Now that you have selected a firm (starbucks)and identified objectives, risks, and controls, it is time for the next steps to come up with the RCSA approach.  (4) For the controls, describe the roles (people), processes (steps people must follow), and systems (infrastructure, software, third parties) that would be responsible for the controls to work effectively.  (5) Finally, explain how you would evaluate the effectiveness of the controls (e.g. rate the control design, use metrics that show control test results or be indicators on the control performance).  (6) Provide your approach to assessing the remaining risks to the firm objectives (from step 2) that have been mitigated / not yet mitigated with the controls in place. As the Op Risk Manager, you now have a rough outline on how to approach the assessment process for your selected firm.

Added Etsy Example + Mindmap (see attached).
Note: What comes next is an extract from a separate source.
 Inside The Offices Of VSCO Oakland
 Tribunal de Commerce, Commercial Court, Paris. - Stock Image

Note: Milestone 1 mindmap in discussion for Milestone 1
For the control assessment proposal with Etsy, there are 6 sets of proposed controls. 

(4) Below are what would need to be in place to ensure those controls work effectively.  Four of these controls rely on the Technology teams, development / independent testing units, and product support specialists.
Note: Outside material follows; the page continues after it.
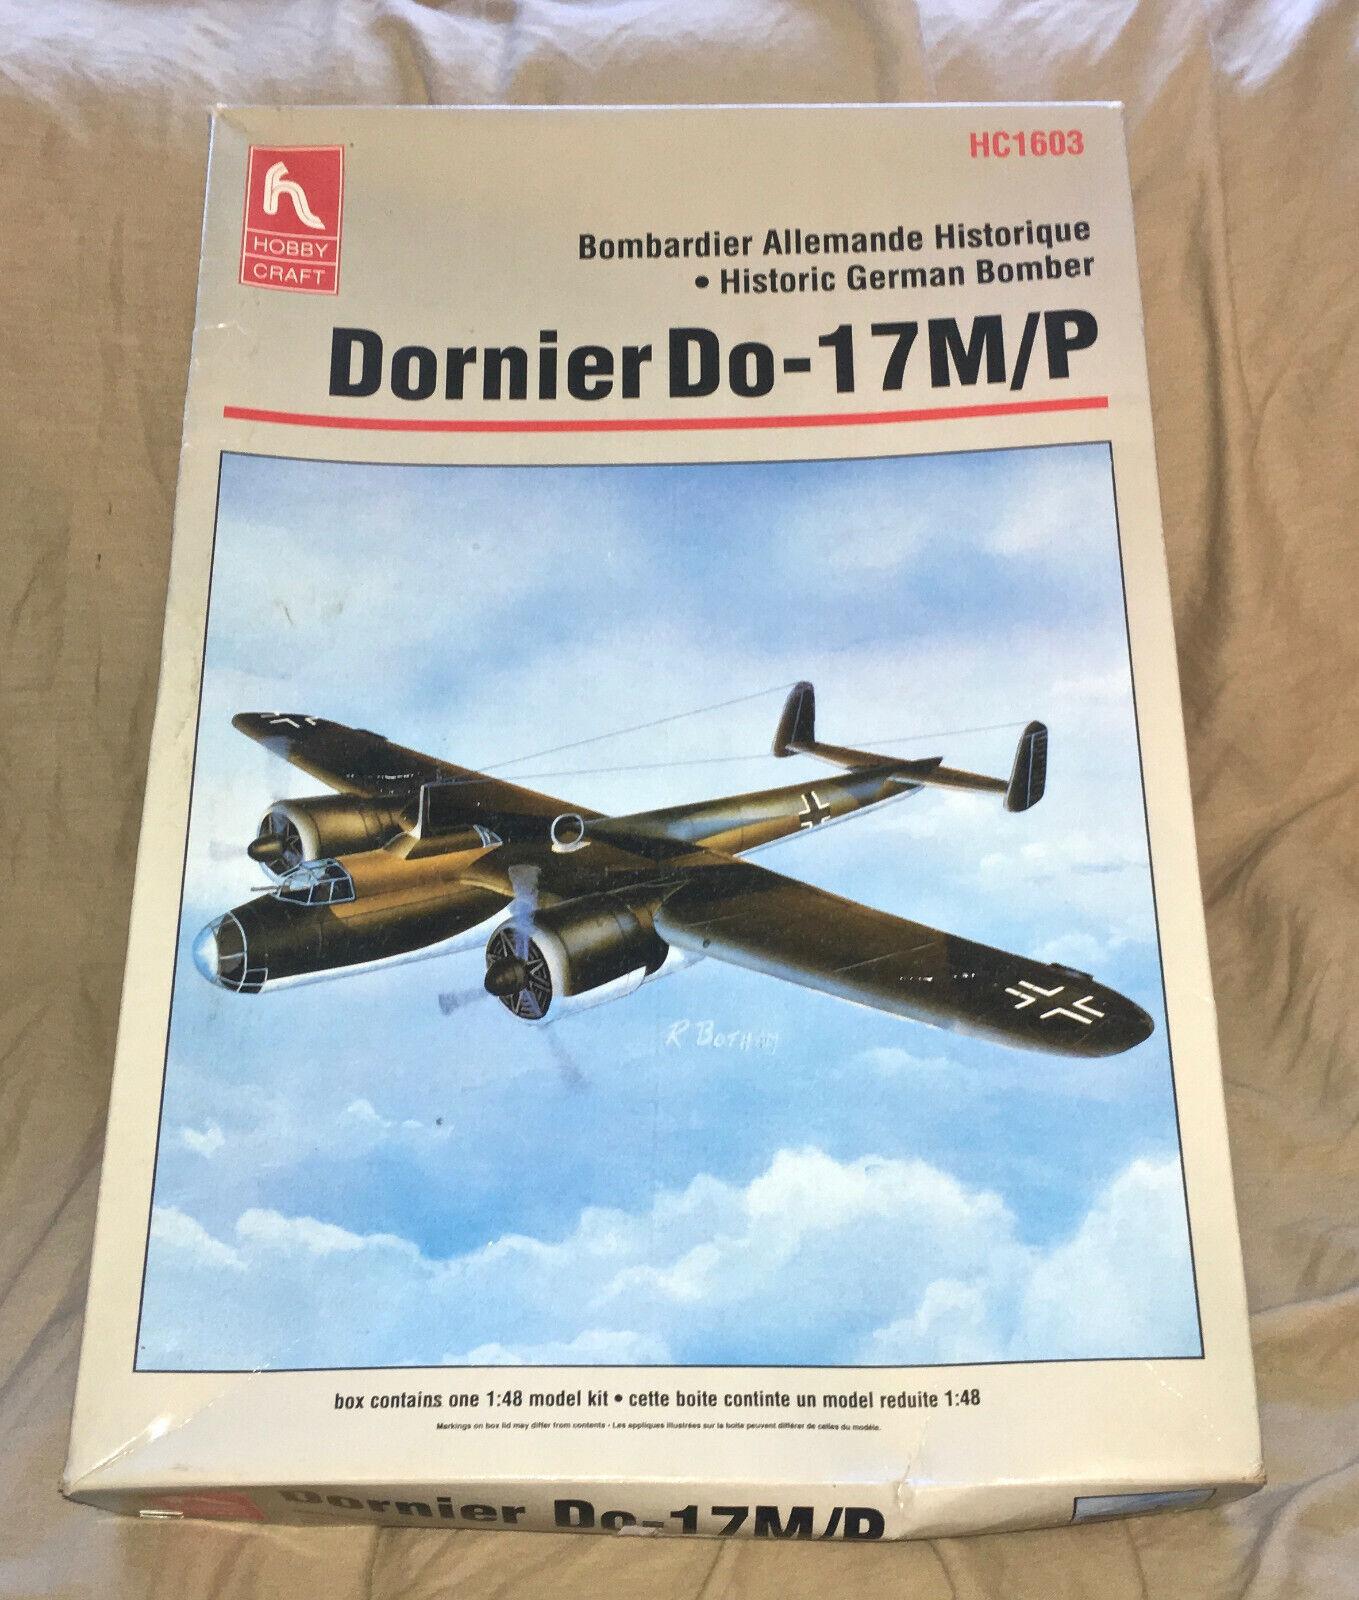 1 48 Hobby Craft Historic German Bomber Dornier Do- 17 M P KitHC 1603

They must have the appropriate testing environments set up that reasonably mirror the production systems (detective – tools to identify errors).
The Surveillance and Testing approaches must be documented and reviewed regularly with the appropriate 2nd line of defense control functions (directive – reliance on procedures).
The Model team should stress test search results for buyers / sellers of dramatically different backgrounds and provide the scenarios to an independent control function to evaluate (preventative – identify potential issue areas).
Product support teams should follow up on the outage issues on priority basis and prepare lessons learned based on appetite levels (corrective – employ ticket system to address performance issues).

C1) end to end encryption

C2) surveillance on unauthorized data access attempts

C5) independent test of search results

C6) outage severity and duration

Two of the controls rely on the Sales team.  To manage client experiences, they must have tools to evaluate customer ratings / complaints (corrective – address customer feedback).  Sales metrics must be tracked and those above appetite levels reviewed with Board level managers (detective – identify trouble areas and escalate concerns).
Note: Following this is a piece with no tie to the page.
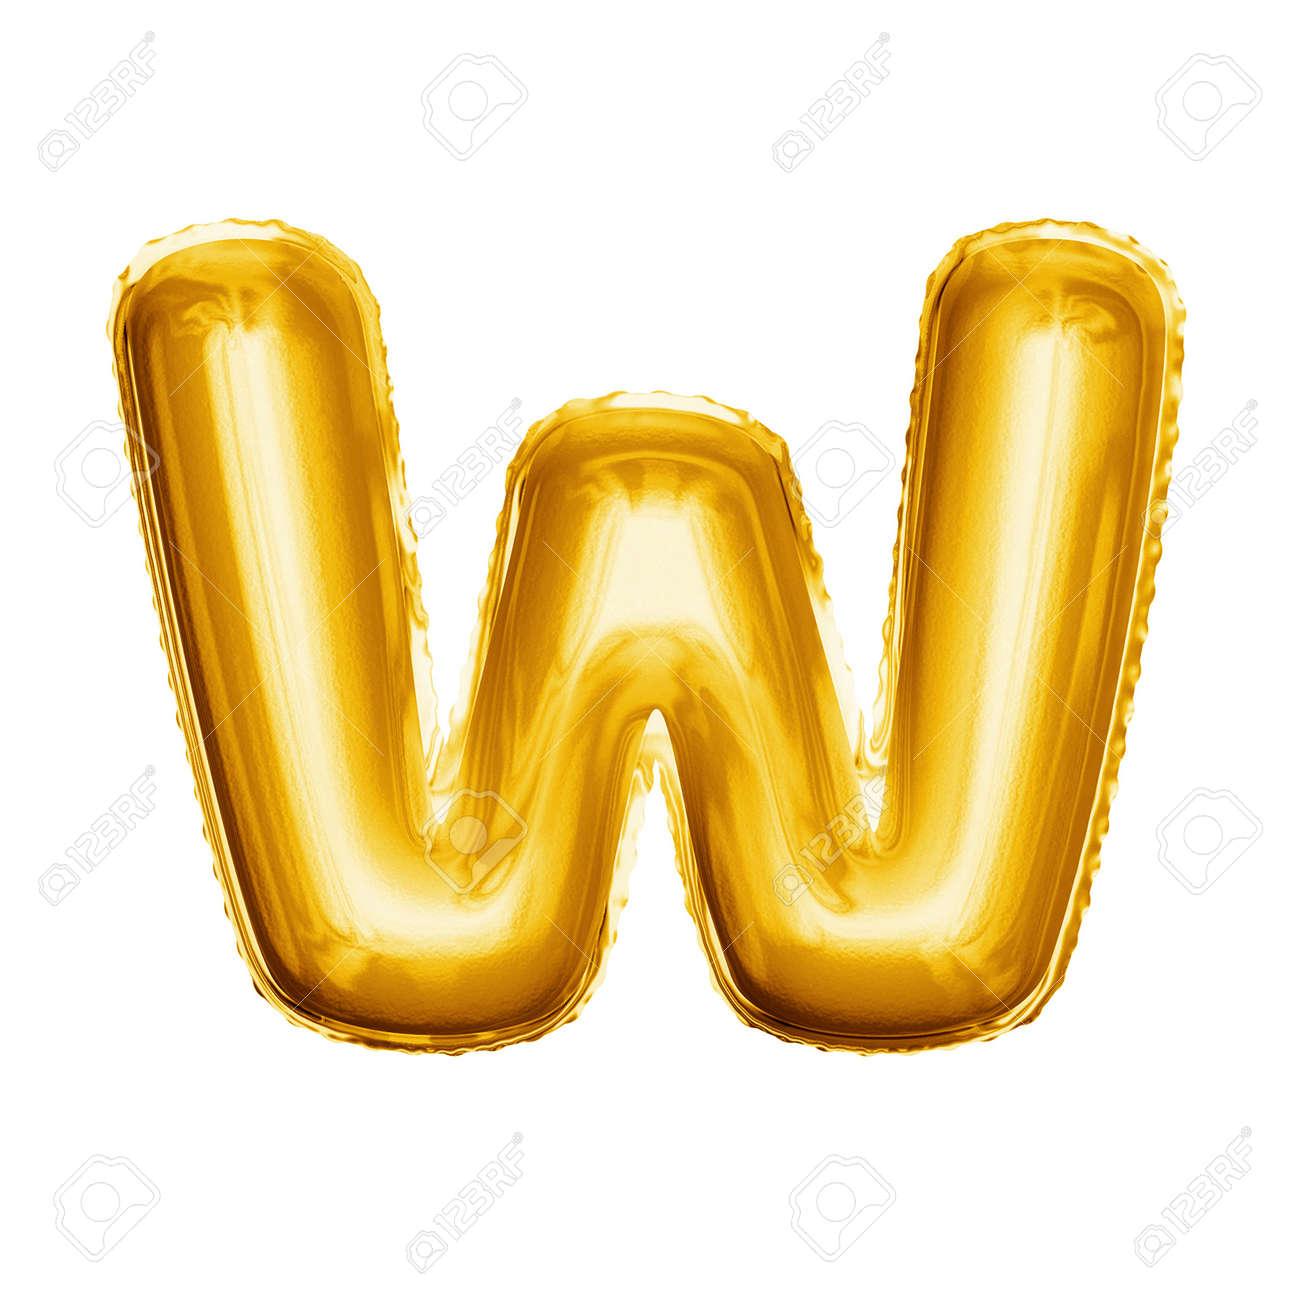 Abc Verjaardag.Ballonletter W Realistische 3d Geisoleerde Gouden Helium Ballon Abc Alfabet Gouden Lettertype Tekst Decoratie Element Voor Verjaardag Of Bruiloft
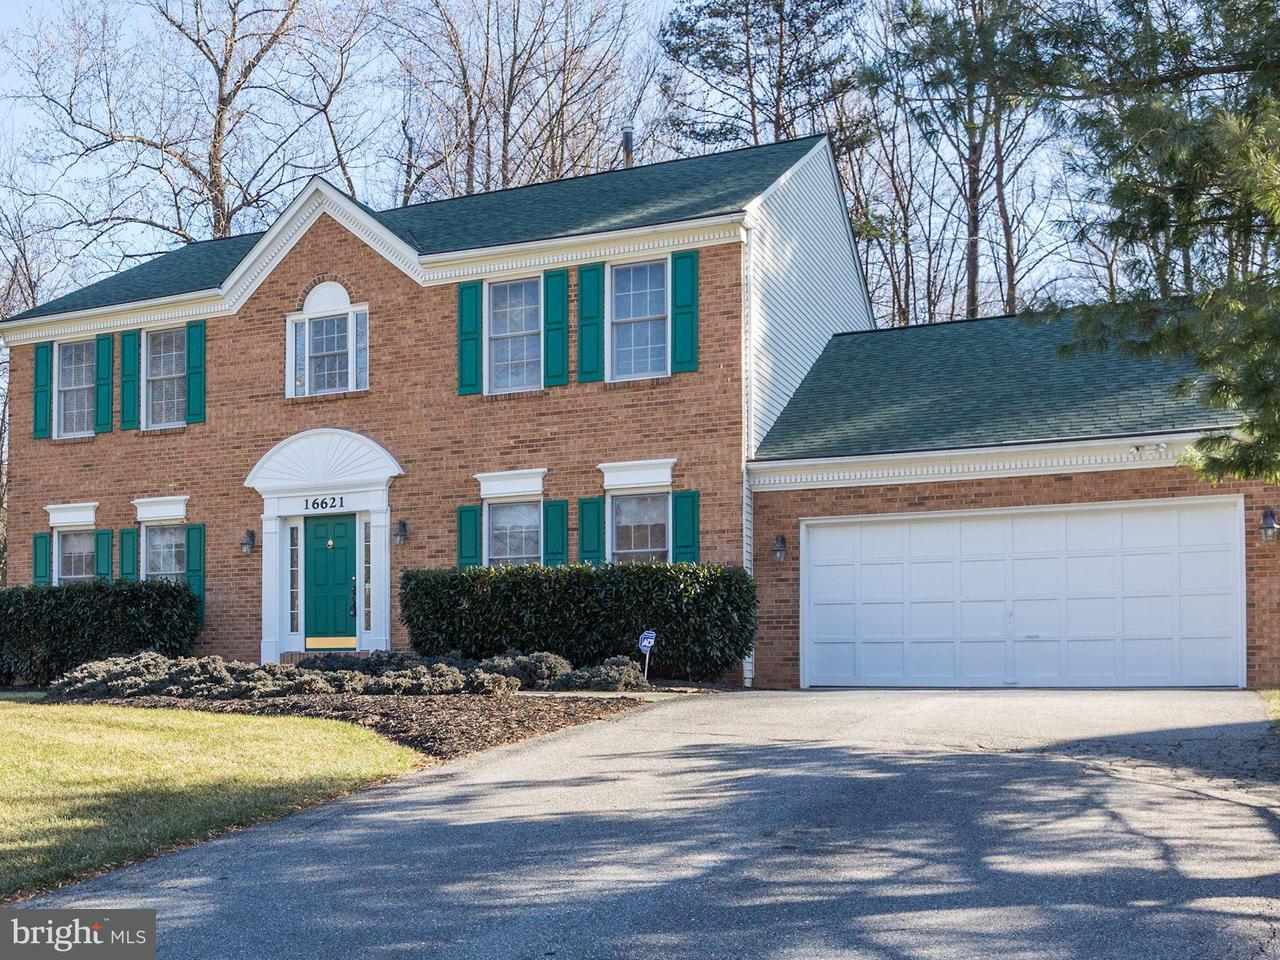 단독 가정 주택 용 매매 에 16621 Music Grove Court 16621 Music Grove Court Rockville, 메릴랜드 20853 미국

C3) respond to customer ratings and complaints

C4) track sales metrics for performance reviews with Board

(5) Controls without appropriate monitoring often fail to remain relevant.  To check that the Technology team remains vigilant on their surveillance, independent testing, and outage reviews (C2, C5, C6), scheduled sample testing on daily / weekly / monthly / quarterly / ad-hoc basis by the first line is expected, with review and challenge by second line on quarterly basis, and annual audit by third line.  The integrity of the transaction process (C1) would be evaluated based on idiosyncratic cases when certificates have expired or there is data loss reported.

For the Sales team, the controls on customer feedback and sales metrics (C3, C4) would be evaluated based on separate customer engagement indicators.  Second line control functions would evaluate metrics that show buyers returning to use the site tools and purchase from sellers along with sellers that successfully find matches for their unique products.  The engagement is correlated with the Sales team effectiveness.

(6) With the controls in place, the residual risks for compromised user data (R1) and failed transactions (R2) are low.  This reflects how the uncertainties are mitigated with encryption / monitoring to address the high inherent risk of stolen user data and medium inherent risk for buyers / sellers not matching / completing their sales.  Independent testing is effective in mitigating the low inherent risk of fraudulent search tool results (R3) to attain the low residual risk.  Finally, the high inherent risk of outages (R4) impacting customer experiences remains high on the residual risk basis since there are still many variables outside the firm’s control that can trigger delays for customers to reach the firm’s online marketplace.  The appetite levels must be calibrated to recognize this high residual risk (e.g. low tolerance during gift-giving times around holidays).